With most purchases, whether it’s groceries, a new car or a house, the price is clear up front. Not so for medical services, which can produce massive, mysterious bills to insurers and patients long after a hospital visit. An ongoing series by National Public Radio and Kaiser Health News has documented bills of $142,000 for a young girl’s snake-bite treatment, $94,000 as part of a woman’s spinal surgery and $48,000 for allergy testing, to note just a few examples.
Such insane bills often remain stubbornly unexplained by the hospitals and insurers involved; all are wildly out of whack with expected costs. Legislation moving through Congress with strong bipartisan support would offer new protections to patients. Its passage is urgent. Its logic is clear: People should be able to know up front what the cost of specific procedures and treatments would be.
Seeking medical treatment isn’t generally a matter of choice. Even with insurance, costs can be significant to patients because of deductibles, co-pays and — especially — procedures that insurance doesn’t cover, sometimes to the surprise of the patient. Add to that unexplained variations in the costs of procedures. Just setting foot in an emergency room can become a financial crapshoot.
The ongoing Kaiser-NPR series presents a shocking study in the excessive, confusing, seemingly random world of medical billing, through the eyes of bewildered patients. The well-documented stories are appalling to the point of being almost unbelievable:
• A Florida woman bitten by a stray cat sought rabies treatment in an emergency room. After receiving two injections and an antibiotic, she was sent home, having not even been seen by a doctor. She later got a bill for more than $48,000 — most of it from a roughly $4,300 rabies treatment that the hospital had marked up by a factor of more than 10.
• A Montana man who was suffering kidney failure was billed more than $524,000 for 14 weeks of dialysis — more than the typical cost of a kidney transplant — at a per-session cost roughly 59 times higher than what Medicare pays for the treatment. The astronomical bill was in part because there were no in-network dialysis clinics available in his region.

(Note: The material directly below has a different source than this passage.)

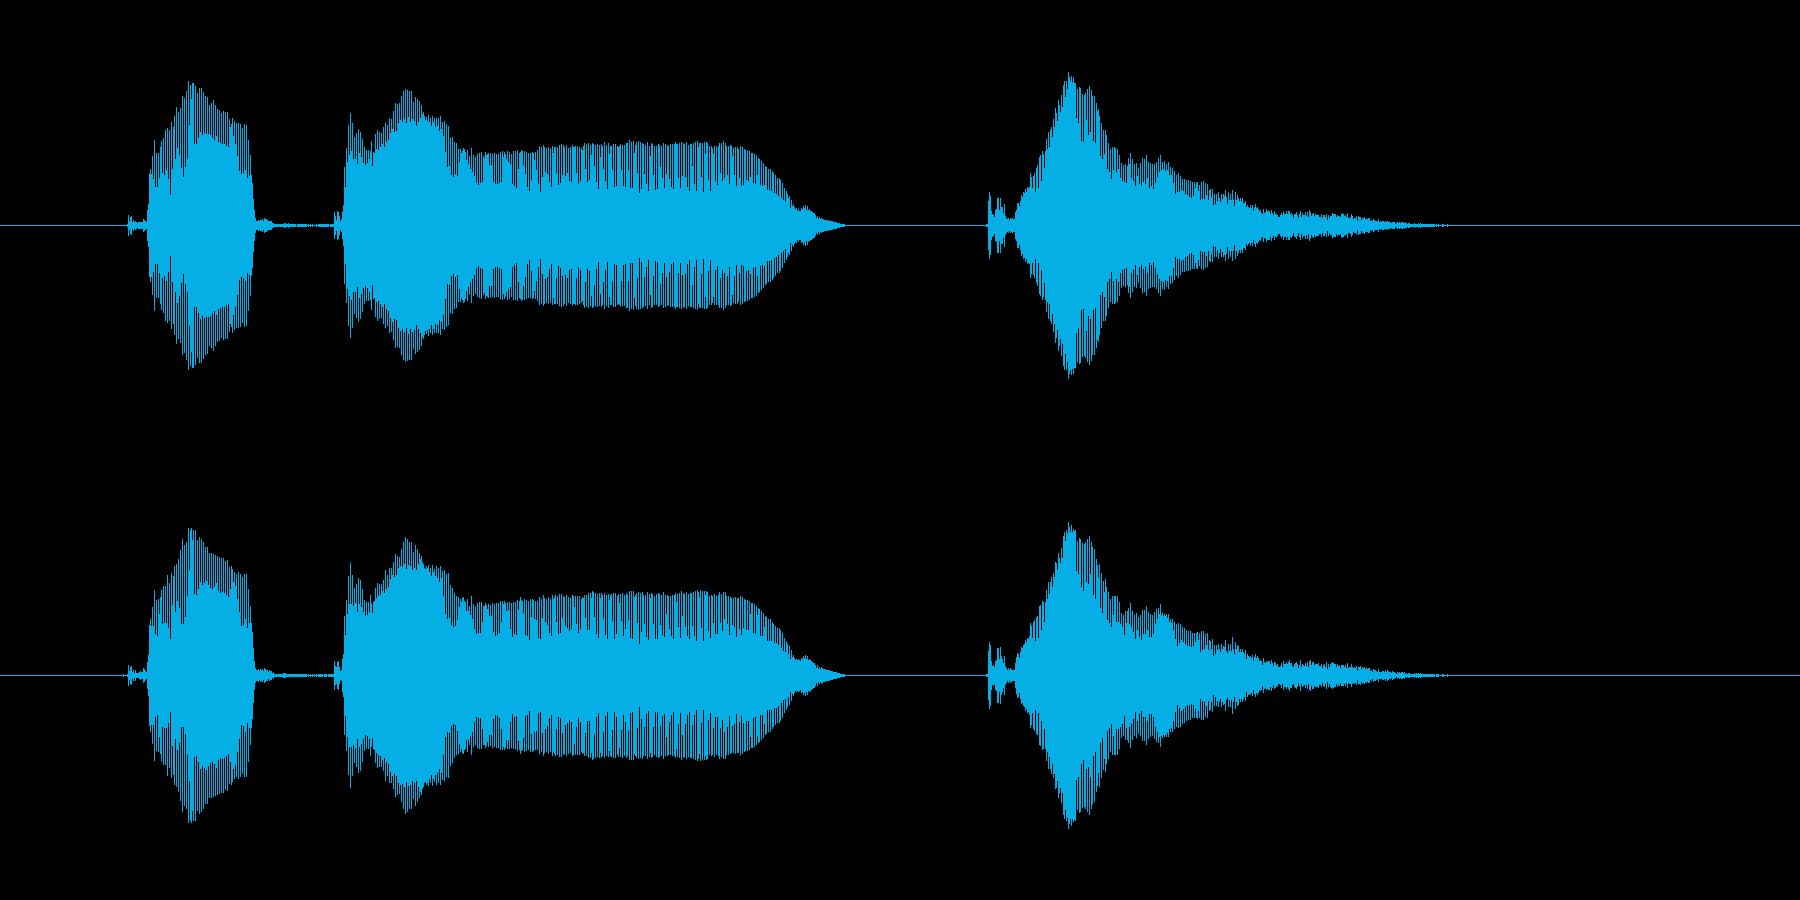 アターック! の再生済みの波形
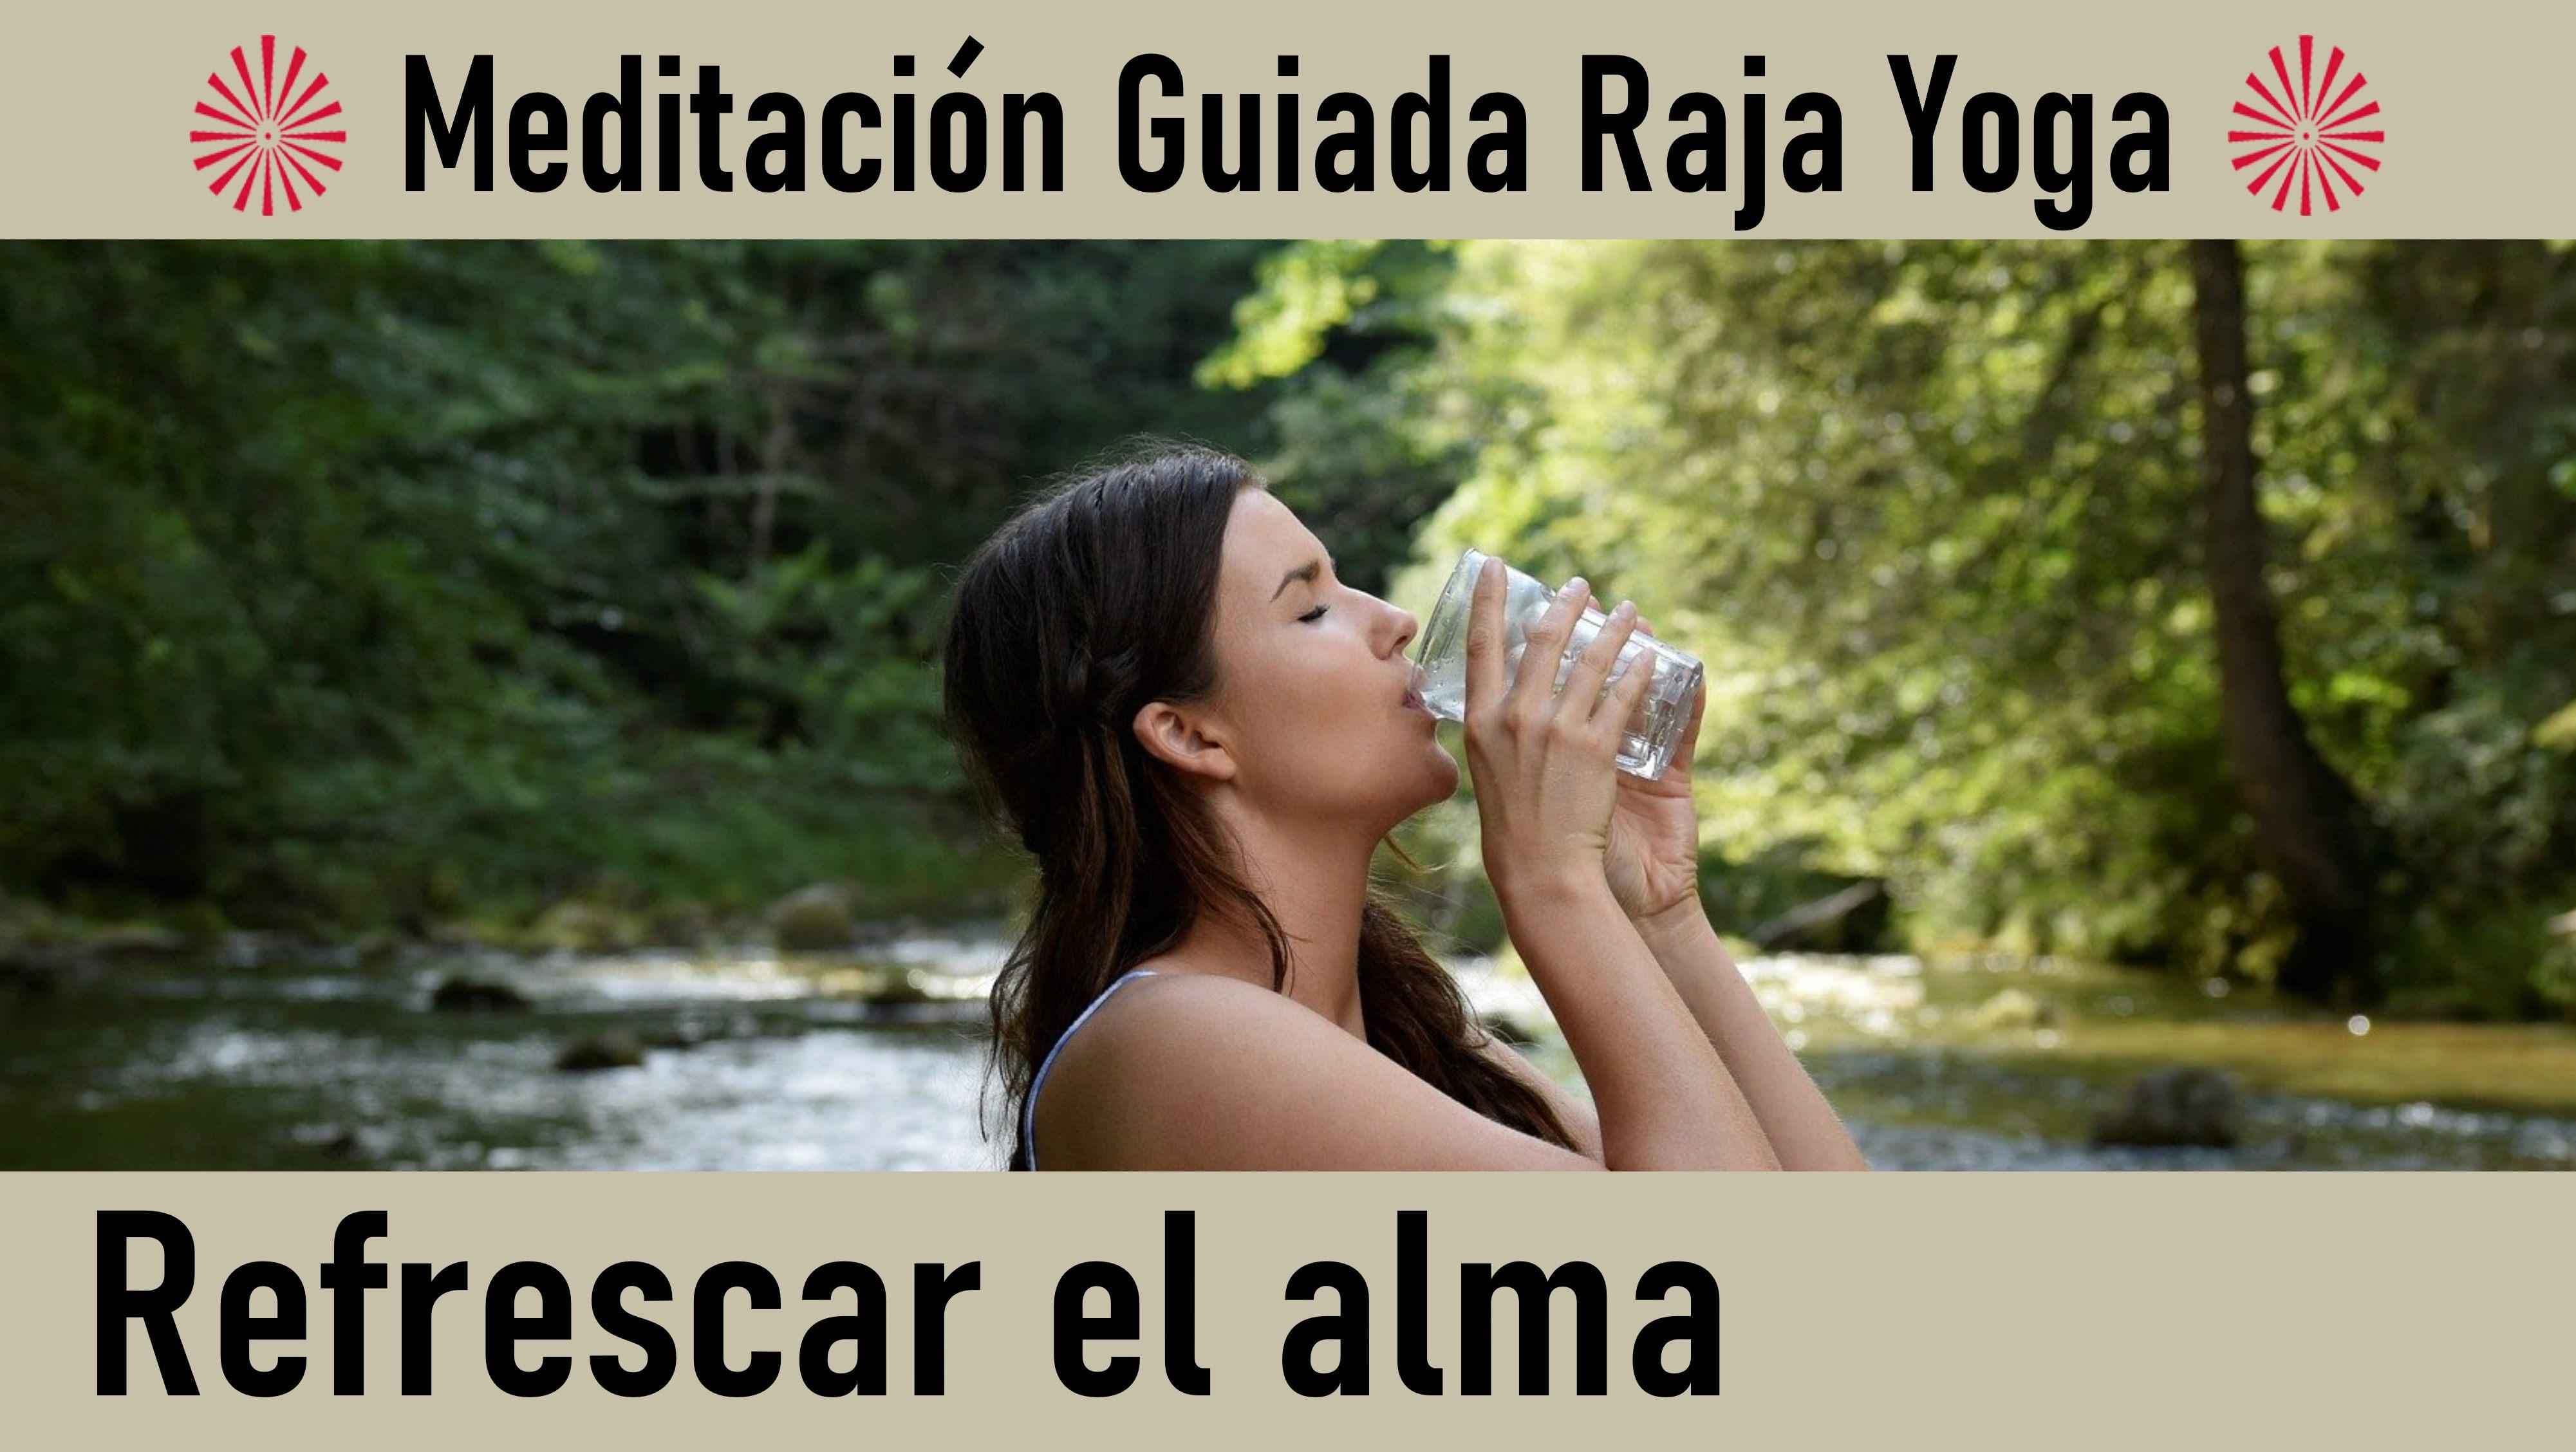 8 Agosto 2020 Meditación guiada: Refrescar el alma

• A three-year-old Nevada girl got a tiny toy shoe from a doll stuck up her nostril. An emergency room doctor pulled it out with forceps. The family subsequently got a bill for more than $2,600 — for a procedure that, according to Medicare data, generally costs less than $50 to perform. The family is still trying, so far unsuccessfully, to get an explanation as to how the astronomical bill was calculated.
• A Michigan woman’s routine biopsy, which found a cyst to be benign, resulted in a bill for more than $3,350 — the bulk of it consisting of a $2,170 “facility fee” that one reform advocate likened to a “cover charge” at a nightclub.
• An Illinois woman suffering from depression spent five nights in a hospital psychiatric unit and was billed almost $30,000. The bill was largely attributable to her insurance plan, which offers the kind of shortchanged coverage that was not allowed under Obama-era rules, but has been allowed back into the market by the Trump administration.
These kinds of bills are surprises that hit the patients later — up to a year later, in some cases. Patients are often able to negotiate-down the bills after the initial sticker shock, and in some cases (including the above-mentioned half-million dialysis), the embarrassing media attention alone has caused medical facilities to cancel the bills altogether.
But even those happy endings don’t indicate the system is healthy — not if it takes fighting with hospitals and insurers, or the blind luck of bad publicity, to force reasonableness from the system. Patients should know going in what these procedures cost. As it stands now, they often can’t get a straight answer even afterward as to how the unexpectedly high bills were calculated.
Polls show nearly half of Americans have been hit with surprise medical bills. That helps explain the overwhelming public support for legislation to address the issue. In a divided nation and a divided Washington, it’s one thing Democrats, Republicans and President Donald Trump all appear to agree upon.
The pending legislation would prohibit doctors from sending unexpected bills to patients who were treated at hospitals that accept their insurance. It would also create a system to resolve billing disputes between insurance companies and doctors, often a key factor in surprise billing.
Not surprisingly, the legislation has prompted a full-court press of opposition from the medical industry — including a truly Orwellian multimillion-dollar media campaign by shadowy private-equity-backed firms that own physician practices around the country, selling the specious argument that reform would somehow hurt patients.
Doctors, hospitals and insurers are, of course, all blaming each other for the outrageous bills. And, certainly, there’s plenty of blame to go around. But Congress mustn’t let the finger-pointing, the complexity of the issue or the big-money lobbying campaigns derail reform.
America doesn’t agree on much these days. But anyone who might need medical attention at some point — which is to say every single one of us — has an interest in ending this shell game.